Edward T. Lewis, born in 1936, more commonly known as Ted Lewis, is a college administrator, educator and poet. He was the fourth President St. Mary's College of Maryland, serving from 1982 to 1996.

He is credited with leading St. Mary's College of Maryland to achieve official public honors college status, at the time only one of two such colleges in the nation. He is also credited with playing many key and decisive roles in transforming the school into a nationally prominent institution.

He was later President of the Pennsylvania Academy of the Fine Arts where he was credited for advancing the institution in numerous ways.

He was also a poet in his early life and has been widely published in literary magazines and newspapers.

Early life

Lewis was born and raised in Warwick, Rhode Island, the son of an insurance salesman who only had an eight grade education. He initially did not maintain an interest in higher education, dropping out of North Carolina State University without graduating. He then joined the army and served for two years during the Korean War.

Later he completed an undergraduate degree at Union College and them went on to earn a master's degrees from Boston University, where he was a teaching fellow, and later received a doctorate from the University of Denver.

Lewis has also been a lifelong poet and has been widely published in newspapers and literary magazines. He has published more than 500 poems and essays. As a young man he was also involved in circles of some very well known poets.
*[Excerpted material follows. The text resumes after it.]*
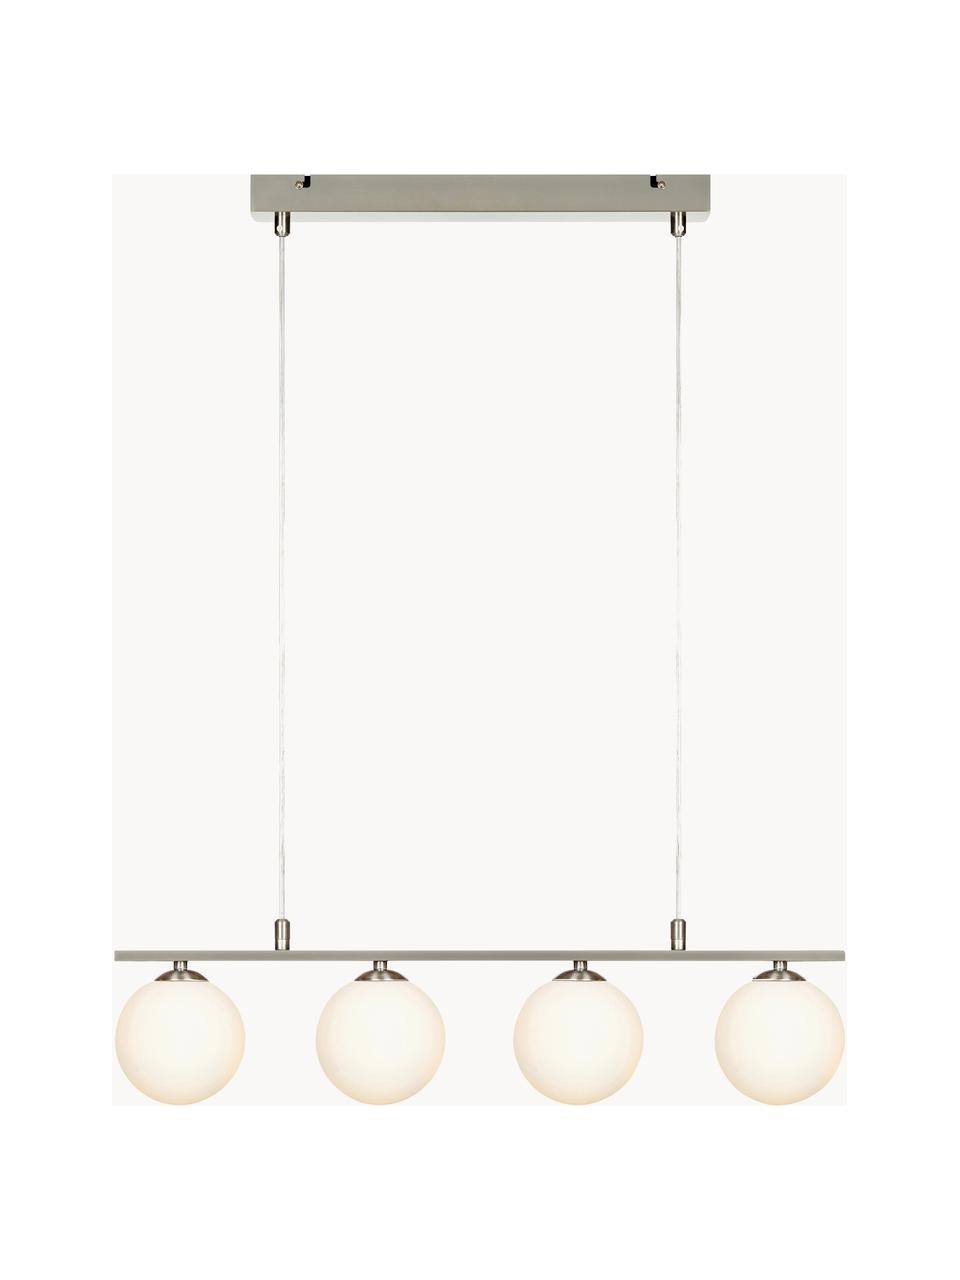 Závěsné svítidlo Quattro, Opálově bílá, stříbrná, Š 66 cm, V 17 cm

He later became a college educator and then moved on to work in college and university administration.

Legacy

Public Honors College designation for St. Mary's College of Maryland

It was under the leadership of Ted Lewis that the college rose to national prominence, securing the designation of "Public Honors College" for the school, which at the time was only one of two such public colleges in the nation. Lewis has been widely credited with overseeing an enormous advance of the institution in curriculum, faculty and student achievement, as well as national standing and recognition.  The school has since attained numerous top national rankings.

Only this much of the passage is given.